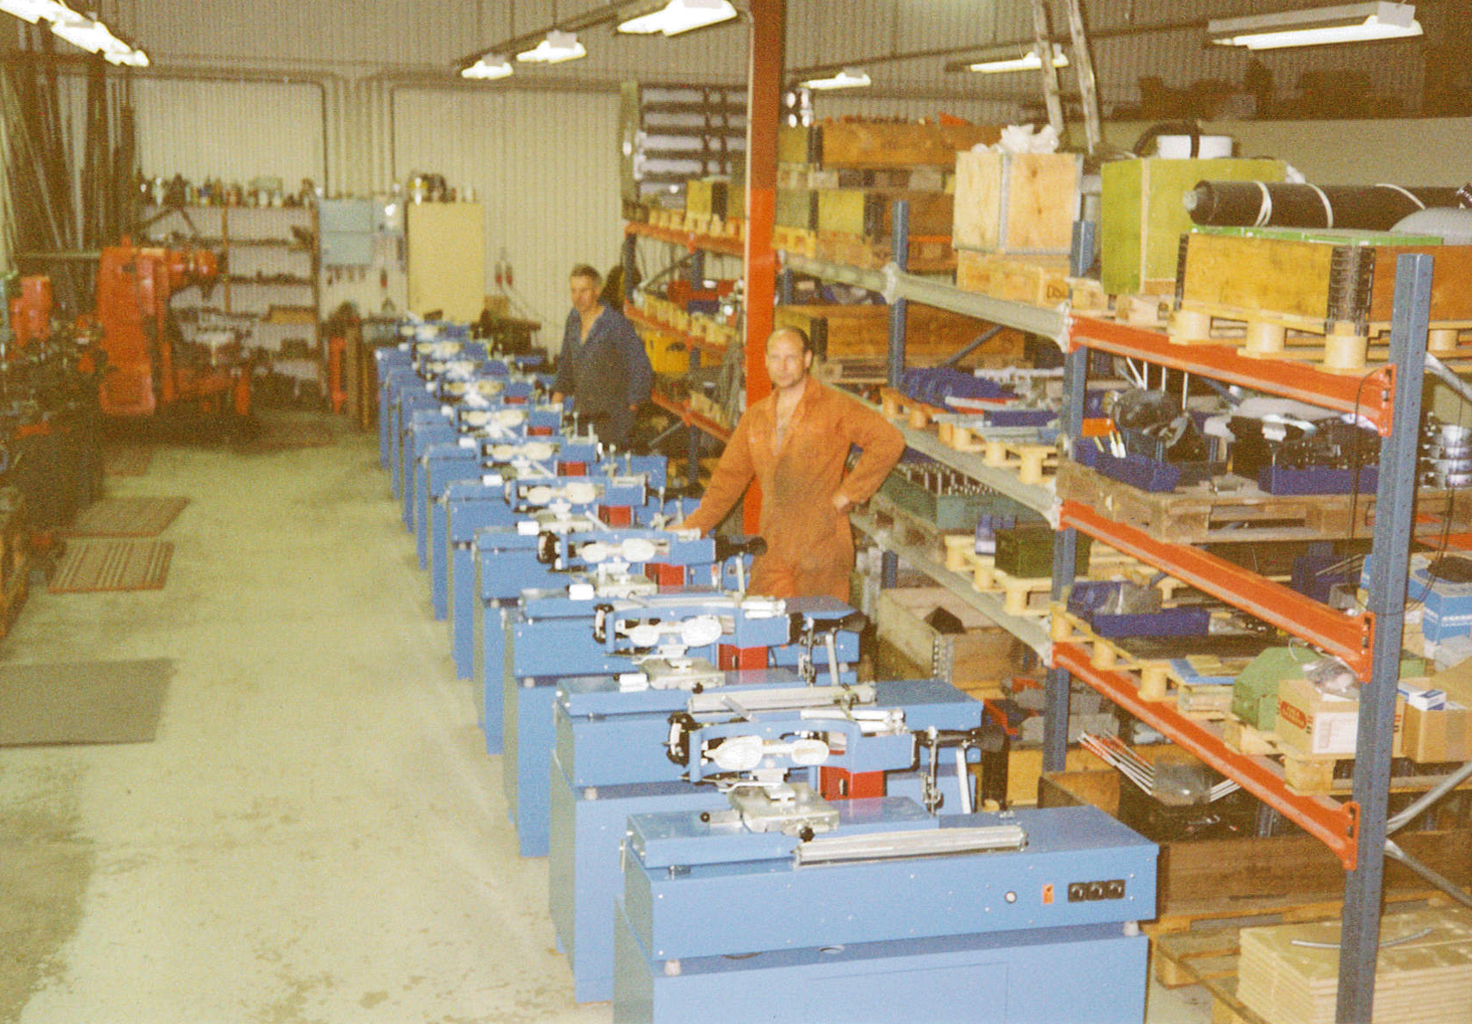 Production line of SSM 900
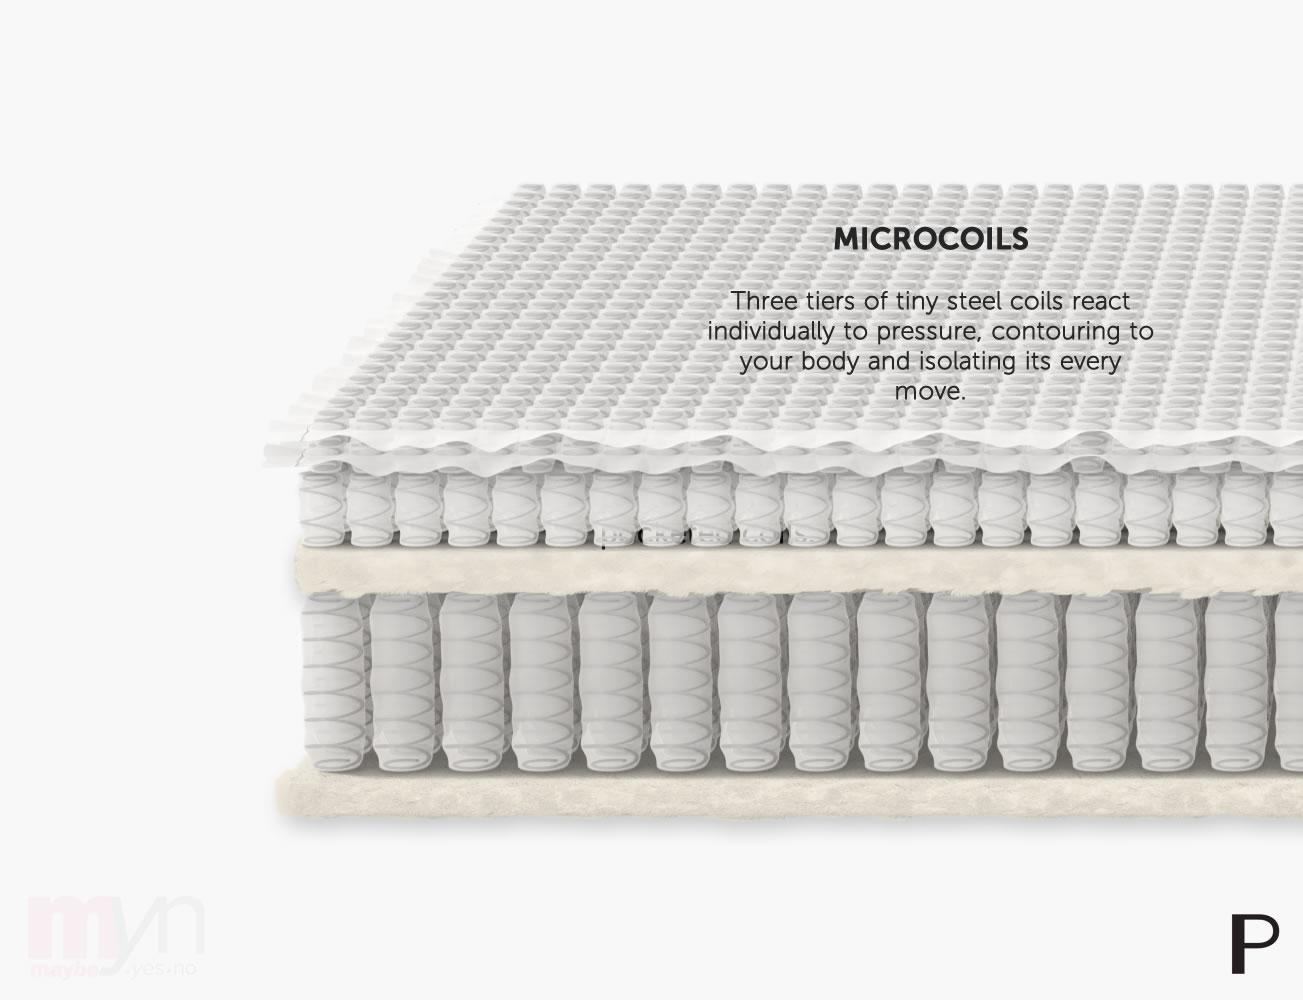 MICROCOILS
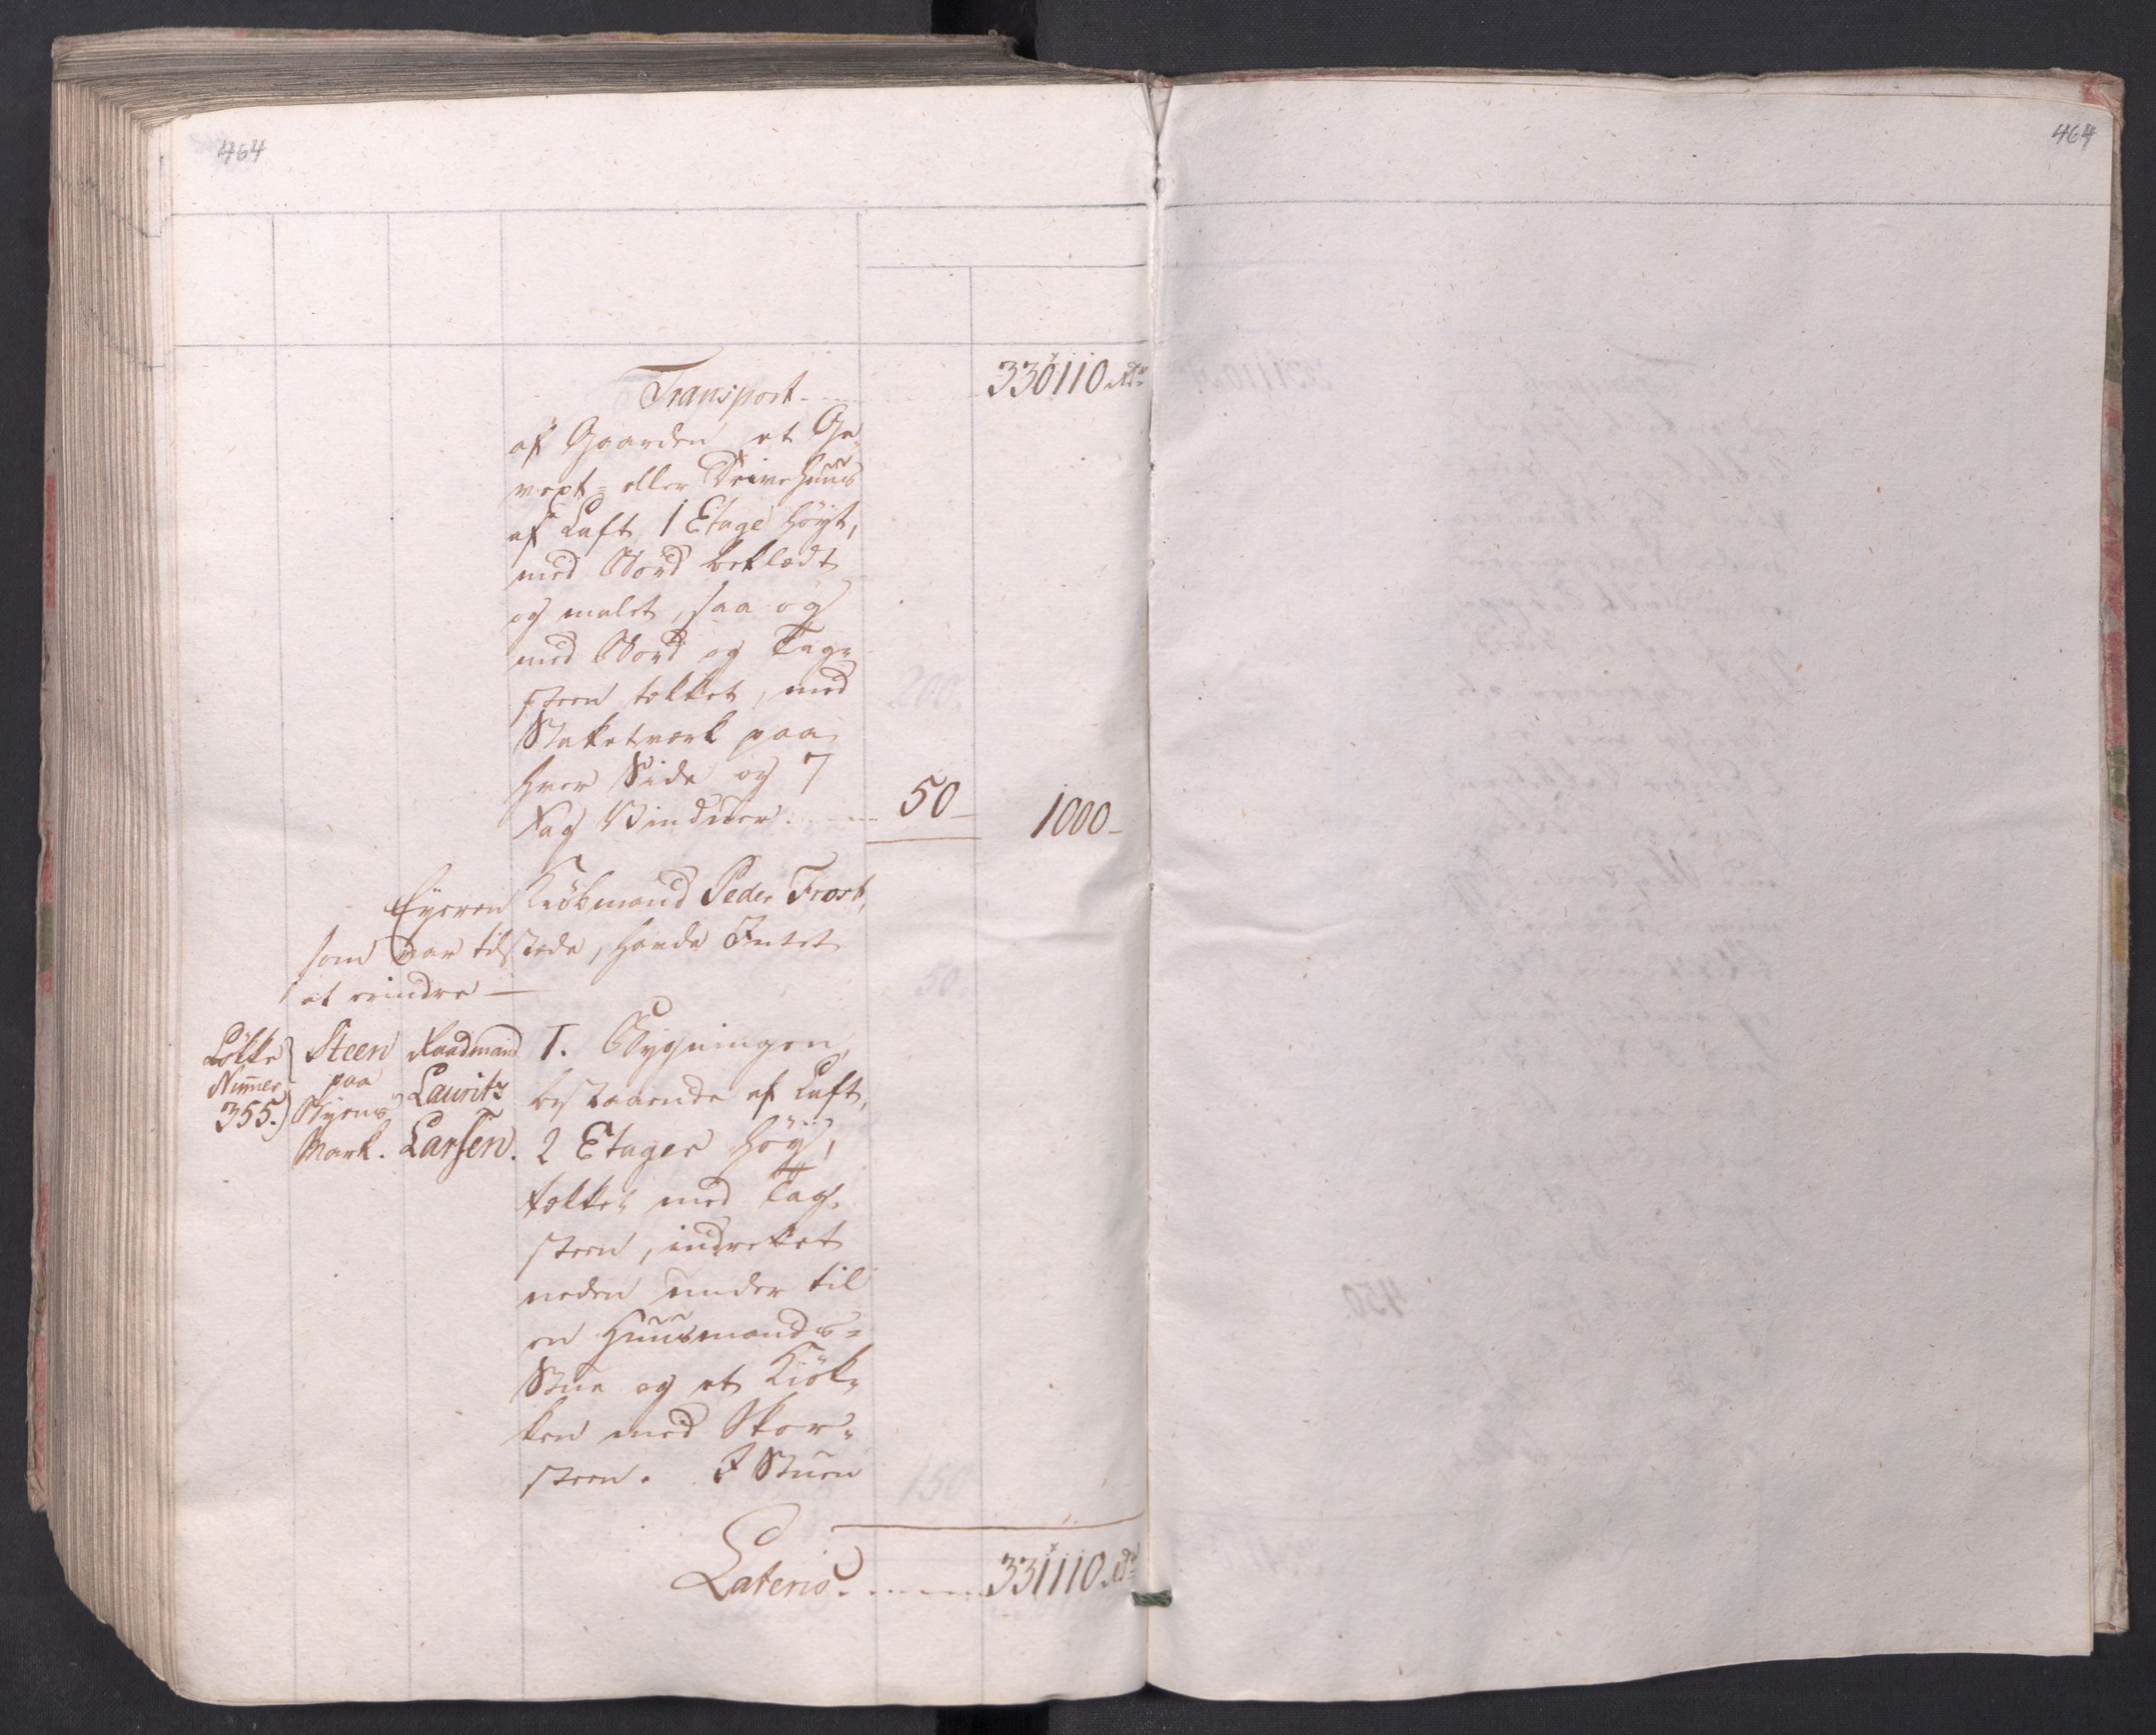 SAO, Kristiania stiftamt, I/Ia/L0015: Branntakster, 1797, s. 464

▶ **Instructions to follow**:
Down to the last line, print the material exactly, but not its pictures.

▶ **Solution for this task**:
 Production line of SSM 900
 MICROCOILS
 SAO, Kristiania stiftamt, I/Ia/L0015: Branntakster, 1797, s. 464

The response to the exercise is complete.